The only ones left can fly, or think they can.

Tuesday, July 22, 2008

Reviews: Wall-E

Robots are a tricky subject for many people. Especially in the context of our fiction they have been most commonly represented by violently murdering automatons that go about their business of edging out humanity.

Metaphorically then, they have come to represent the demonization of the working class, the rising up of the slaves and a continuation of the capitalist narrative: the revolt of the working class. Even more though is the idea that the capitalist machine will finally turn on its masters, that the replacement of labor will finally do as people would and revolt.

Far more revolutionary than this confrontational and tired narrative sits Wall-E, the stubby cube-shaped trash compactor that goes about his business as the last remaining robot on earth. By day he wanders endless heaps of trash left behind by a hyper consumerist culture that destroyed the earth and leaving it uninhabitable for human existence. By night, he retreats back to his humble abode in the shell of a larger version of himself where he stores a miniature menagerie of knick-nacks he salvages amongst the endless piles of junk he compacts into miniature squares.

The first 30 minutes of this film are the most profound, the most endearing, and the most revolutionary of any scene depicted in recent years. The stark and brutal depiction of a ruined manhattan, nouvelle skylines constructed out of towering piles of trash cubes, is gritty, fantastic, and utterly brutal in its silent condemnation of the humans of the past that brought about its genesis. On this palette the little robot Wall-E wanders with a sort of unaware bliss, scavenging parts for his own benefit from the shattered husks of his brethren. His introduction - humming in his own mechanical tunes the opening notes to "Put on your Sunday Clothes" from Hello Dolly - forms a humanistic contrast to the depressing starkness that informs his environment. Instantly he becomes our primary focus, our vehicle into this world, even as an inanimate object.

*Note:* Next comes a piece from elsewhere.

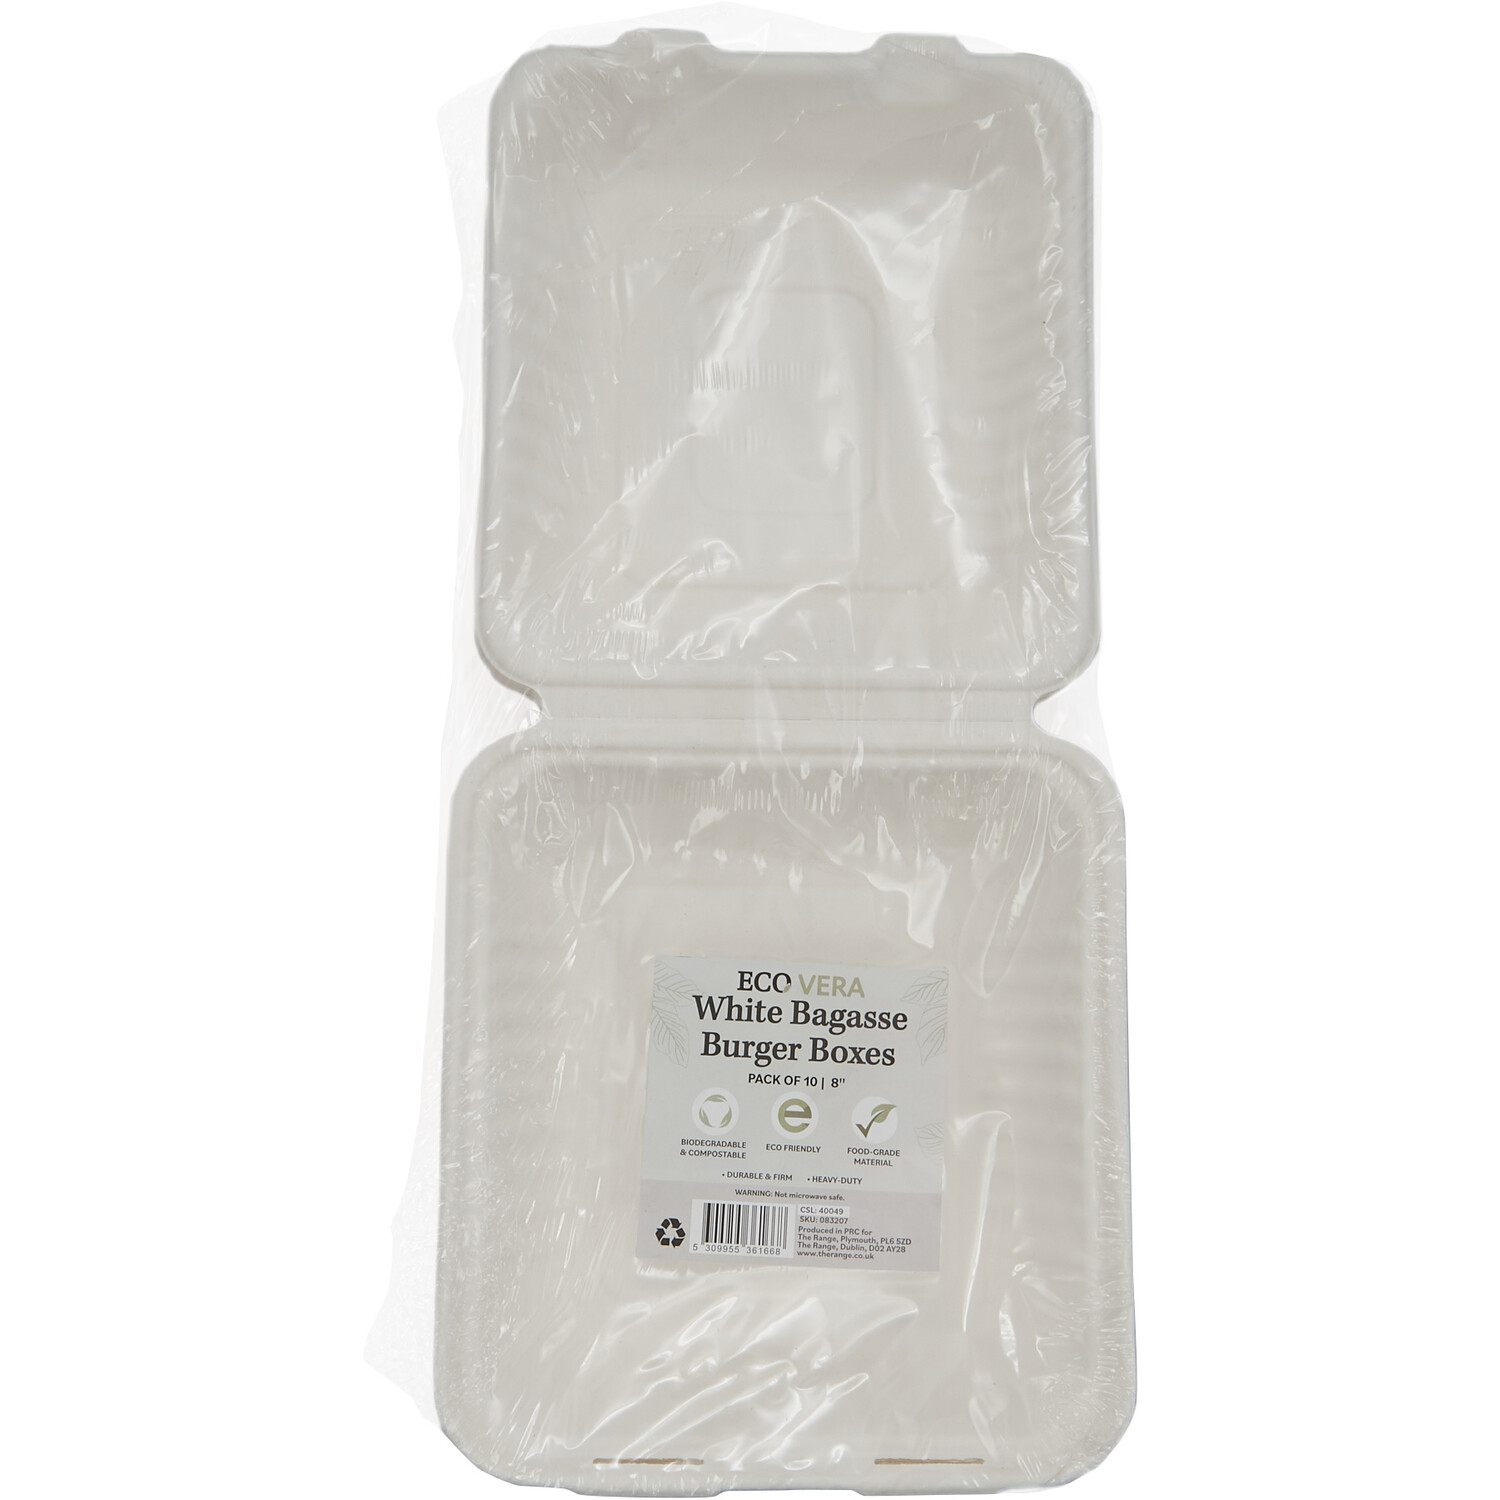 Pack of 10 Bagasse Burger Boxes - White Image 1

Later details reinforce this association, Wall-E rummages through infinite piles of garbage, picking out odd trinkets that catch his attention with the particularity of a human perusing the goodwill bins near his house. And when he returns to his humble abode, shelving his belongings and turning on a recording of Hello Dolly, we are all but committed to connecting emotionally with this robot.

This is revolutionary. A silent coup of epic scale if ever there was one. Through expressions, particularities of behavior and sparse sounds the animators at Pixar have undermined the very inherentness of humanity. The primary argumentative vehicle of those opposed to sentient robots is the innateness of humanity to humans. The primacy and uniqueness of compassion and empathy to the human experience. For the most part this is a narrative continued and reiterated by robot narratives. Wall-E spins this on its head.